He got up and left the study. As he did so, his hand stole to his breast pocket and felt the note there again.

8

Charlie lay on her bed fifteen minutes after Cap left, her mind in a total whirl of dismay, fear, and confused speculation. She literally didn't know what to think.

He had come at quarter of five, half an hour ago, and had introduced himself as Captain Hollister (“but please just call me Cap; everyone does”). He had a kindly, shrewd face that reminded her a little of the illustrations in
The Wind in the Willows
. It was a face she had seen somewhere recently, but she hadn't been able to place it until Cap jogged her memory. It had been he who had taken her back to her rooms after the first test, when the man in the white suit had bolted, leaving the door open. She had been so much in a fog of shock, guilt, and—yes—exhilarated triumph that it was really no wonder she hadn't been able to place his face. Probably she could have been escorted back to her apartment by Gene Simmons of Kiss without noticing it.

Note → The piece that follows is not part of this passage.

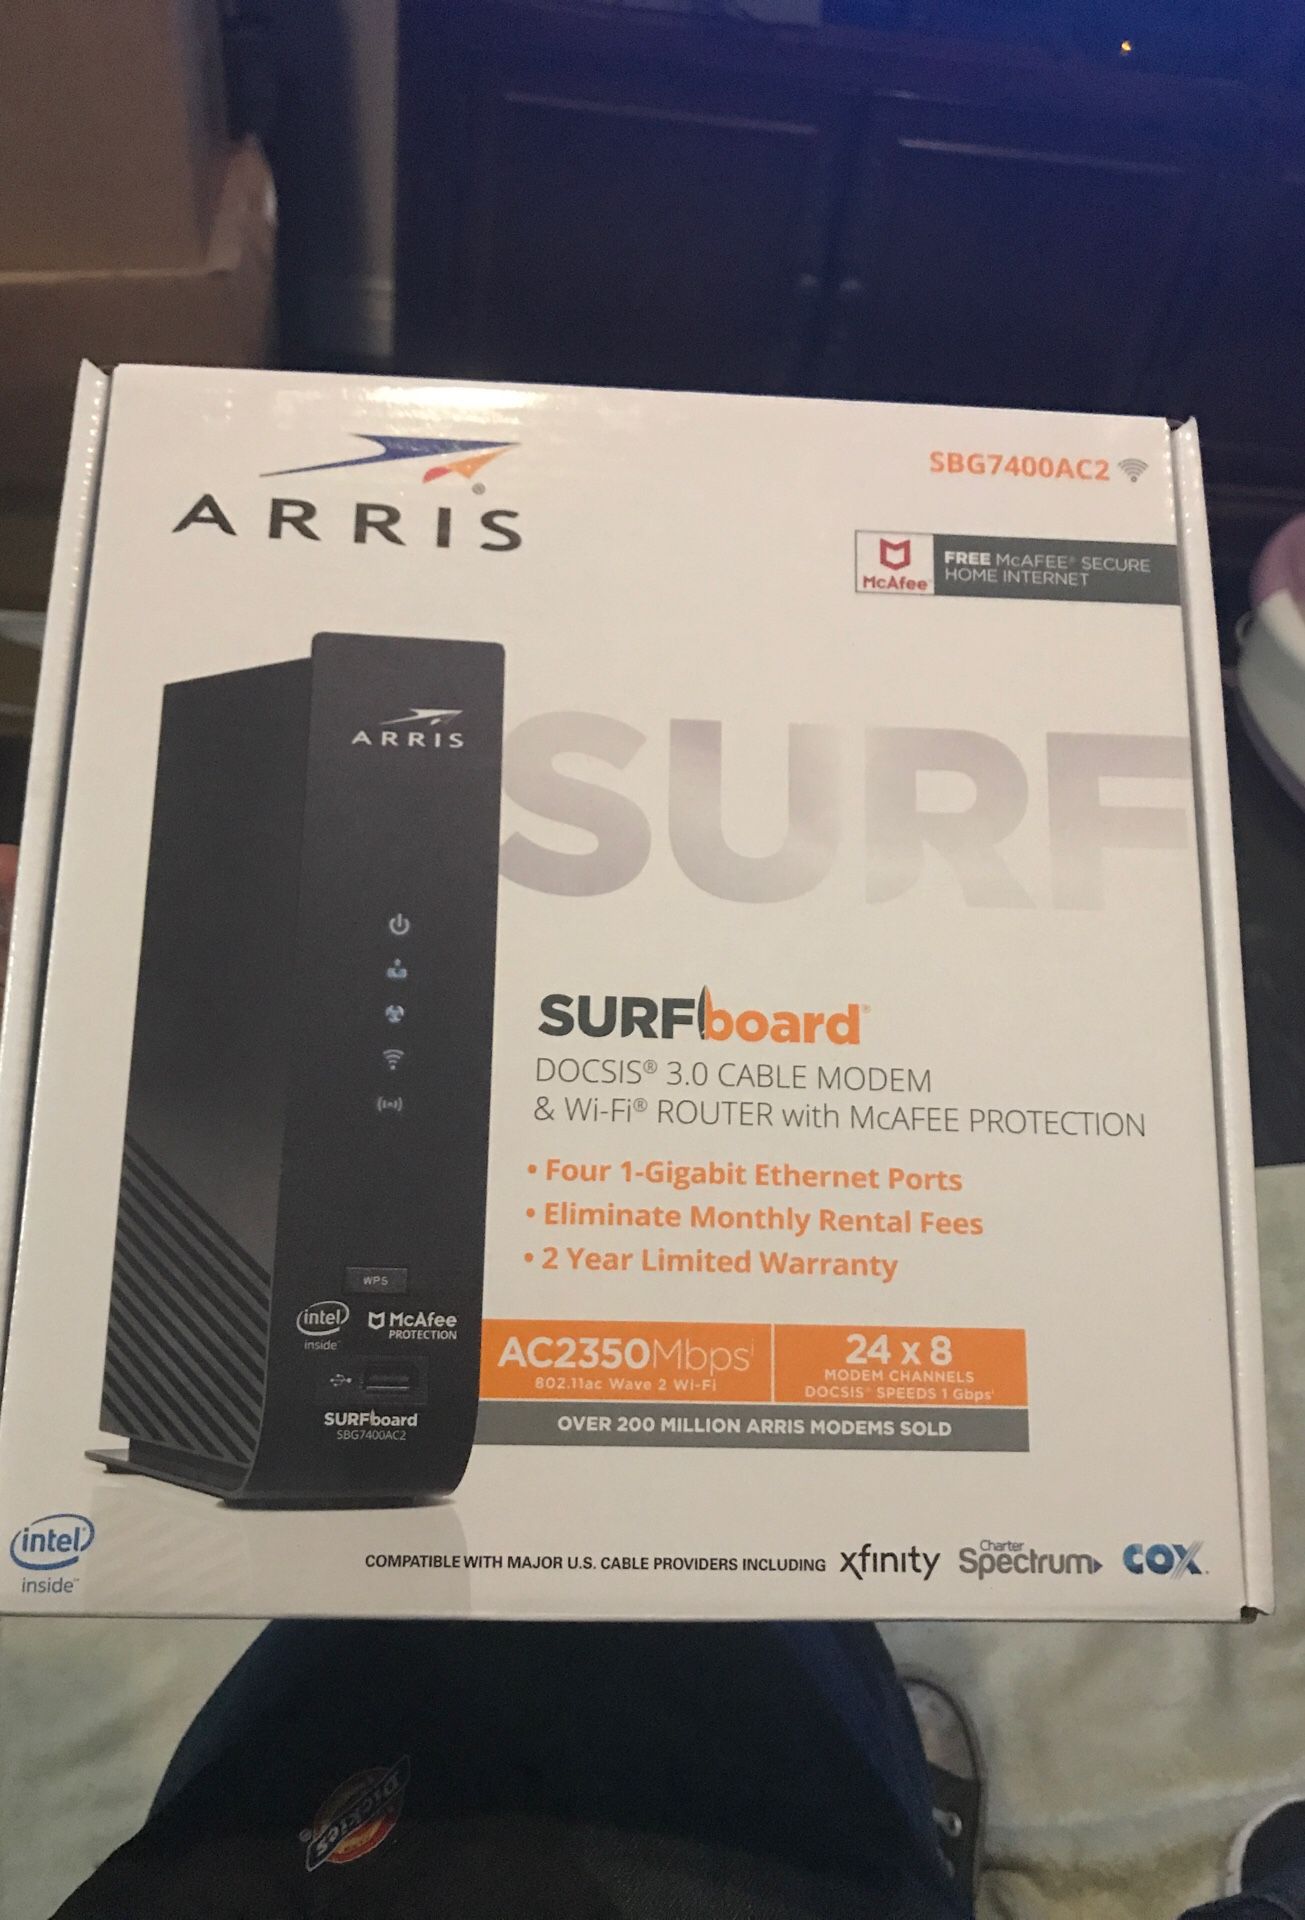 Arris surfboard Docsis 3.0 Cable Modem & wi-fi router with mcaFee Protection SBG7400AC2

He talked in a smooth, convincing way that she immediately mistrusted.

He told her Hockstetter was concerned because she had declared the testing at an end until she saw her father. Charlie agreed that was so and would say no more, maintaining a stubborn silence … mostly out of fear. If you discussed your reasons for things with a smooth talker like this Cap, he would strip those reasons away one by one until it seemed that black was white and white black. The bare demand was better. Safer.

But he had surprised her.

“If that's the way you feel, okay,” he had said. The expression of surprise on her face must have been slightly comical, because he chuckled. “It will take a bit of arranging, but—”

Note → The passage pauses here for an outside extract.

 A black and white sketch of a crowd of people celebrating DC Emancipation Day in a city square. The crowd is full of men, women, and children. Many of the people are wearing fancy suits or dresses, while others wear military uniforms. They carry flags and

At the words “a bit of arranging,” her face closed up again. “No more fires,” she said. “No more tests. Even if it takes you ten years to ‘arrange' it.”

“Oh, I don't think it will take that long,” he had said, not offended. “It's just that I have people to answer to, Charlie. And a place like this runs on paperwork. But you don't have to light so much as a candle while I'm setting it up.”

“Good,” she said stonily, not believing him, not believing he was going to set anything up. “Because I won't.”

“I think I ought to be able to arrange it … by Wednesday. Yes, by Wednesday, for sure.”

He had fallen suddenly silent. His head cocked slightly, as if he were listening to something just a bit too high-pitched for her to hear. Charlie looked at him, puzzled, was about to ask if he was all right, and then closed her mouth with a snap. There was something … something almost familiar about the way he was sitting.

“Do you really think I could see him on Wednesday?” she asked timidly.

“Yes, I think so,” Cap said. He shifted in his chair and sighed heavily. His eye caught hers and he smiled a puzzled little smile … also familiar. Apropos of nothing at all, he said: “Your dad plays a mean game of golf, I hear.”

Charlie blinked. So far as she knew, her father had never touched a golf club in his life. She got ready to say so … and then it came together in her mind and a dizzying burst of bewildered excitement ran through her.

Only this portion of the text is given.